The material below has pictures in it. Set down only the lines from the line containing "The yuan dynasty Mr Kiln Pisces the cup" through the line containing "A blue rabbit", word for word, and leave the pictures behind.

▶ Source material:
-=-=-=-=-
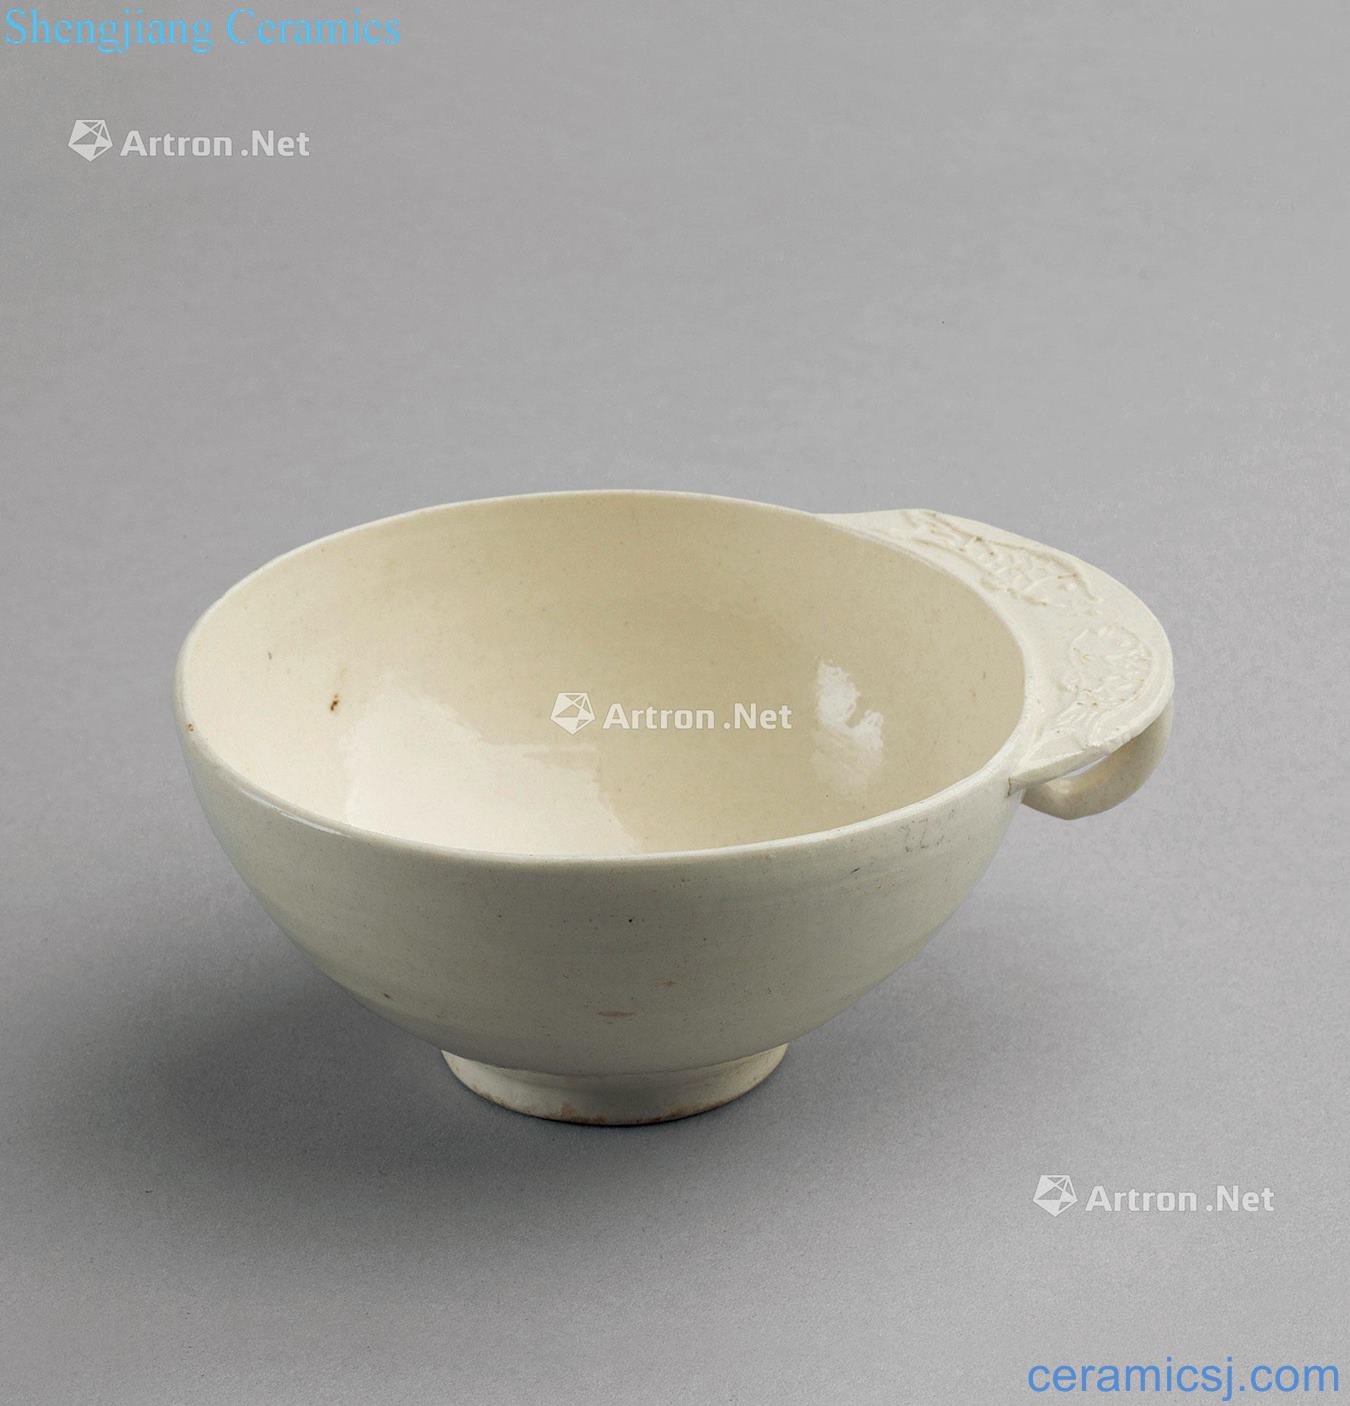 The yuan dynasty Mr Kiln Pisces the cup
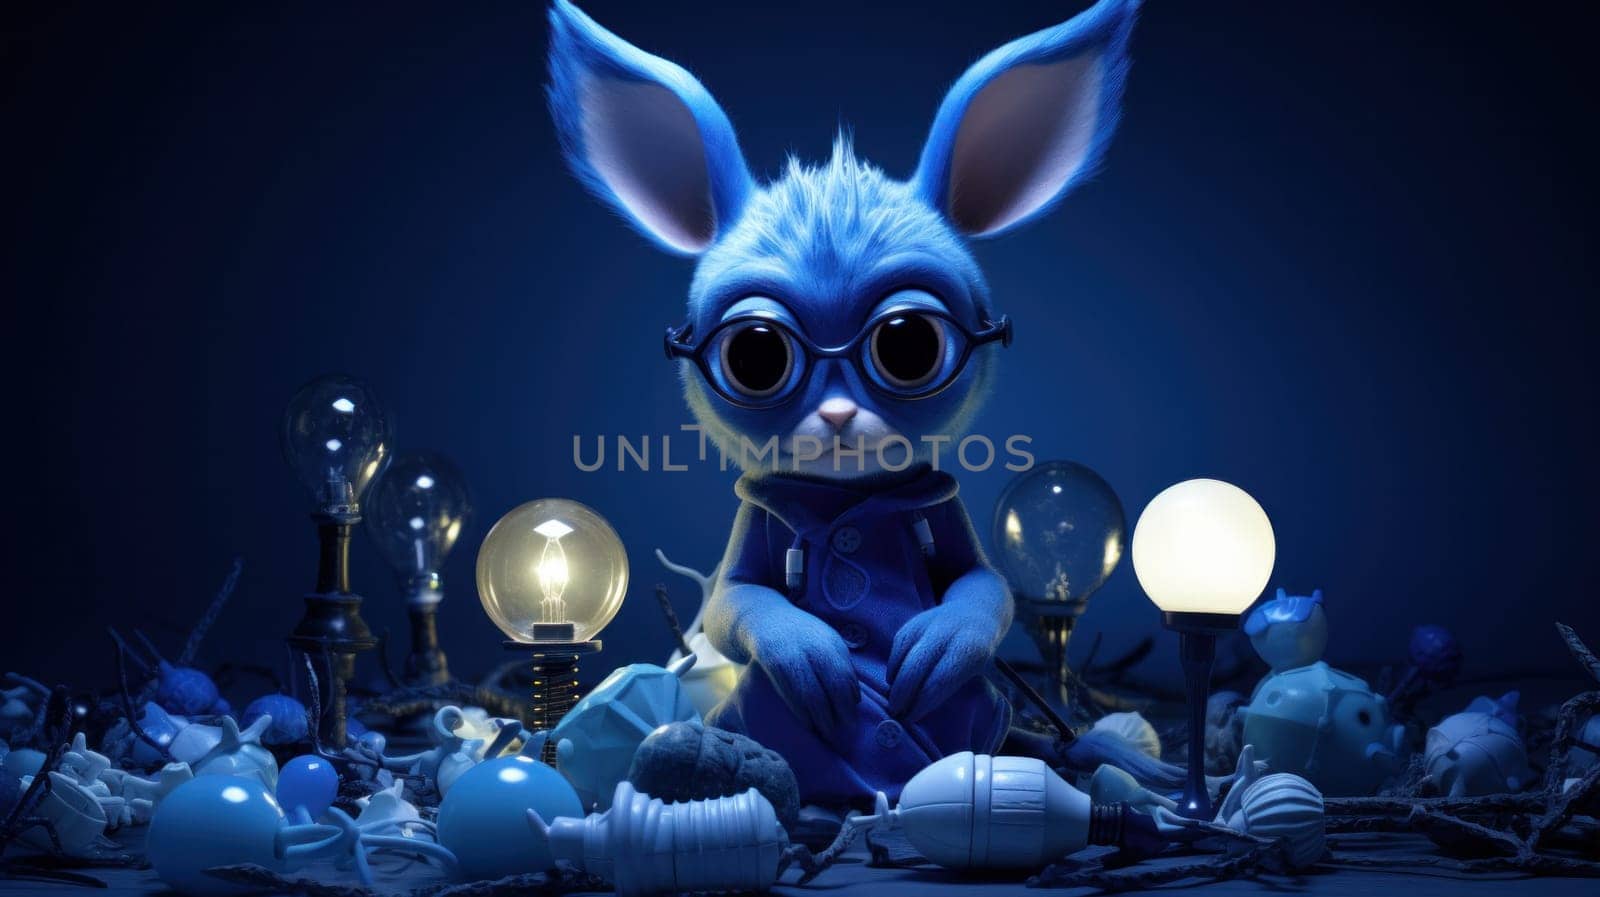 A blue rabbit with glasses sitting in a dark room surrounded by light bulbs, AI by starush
-=-=-=-=-
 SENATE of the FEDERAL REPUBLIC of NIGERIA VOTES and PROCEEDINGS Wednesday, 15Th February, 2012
-=-=-=-=-
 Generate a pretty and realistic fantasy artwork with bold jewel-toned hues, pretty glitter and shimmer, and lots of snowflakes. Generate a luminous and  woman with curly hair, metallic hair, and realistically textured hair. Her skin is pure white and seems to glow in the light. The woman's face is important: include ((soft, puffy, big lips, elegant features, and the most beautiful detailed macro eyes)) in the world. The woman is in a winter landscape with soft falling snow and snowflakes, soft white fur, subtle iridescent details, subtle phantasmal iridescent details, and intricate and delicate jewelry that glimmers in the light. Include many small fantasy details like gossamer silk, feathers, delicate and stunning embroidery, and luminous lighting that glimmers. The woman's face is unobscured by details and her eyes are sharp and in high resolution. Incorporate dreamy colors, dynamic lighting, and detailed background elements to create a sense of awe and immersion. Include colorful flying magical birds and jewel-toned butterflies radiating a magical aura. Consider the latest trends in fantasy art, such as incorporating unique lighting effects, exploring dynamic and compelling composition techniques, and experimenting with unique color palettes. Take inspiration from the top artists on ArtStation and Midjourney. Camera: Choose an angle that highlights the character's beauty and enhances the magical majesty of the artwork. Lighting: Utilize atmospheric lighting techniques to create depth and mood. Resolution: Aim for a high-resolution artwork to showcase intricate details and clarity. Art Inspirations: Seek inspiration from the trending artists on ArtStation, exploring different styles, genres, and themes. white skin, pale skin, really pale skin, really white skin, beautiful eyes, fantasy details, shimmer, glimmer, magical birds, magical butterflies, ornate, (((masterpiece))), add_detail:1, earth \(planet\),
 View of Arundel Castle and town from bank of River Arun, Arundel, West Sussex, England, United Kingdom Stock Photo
-=-=-=-=-
▶ Task solution:
 The yuan dynasty Mr Kiln Pisces the cup
 A blue rabbit with glasses sitting in a dark room surrounded by light bulbs, AI by starush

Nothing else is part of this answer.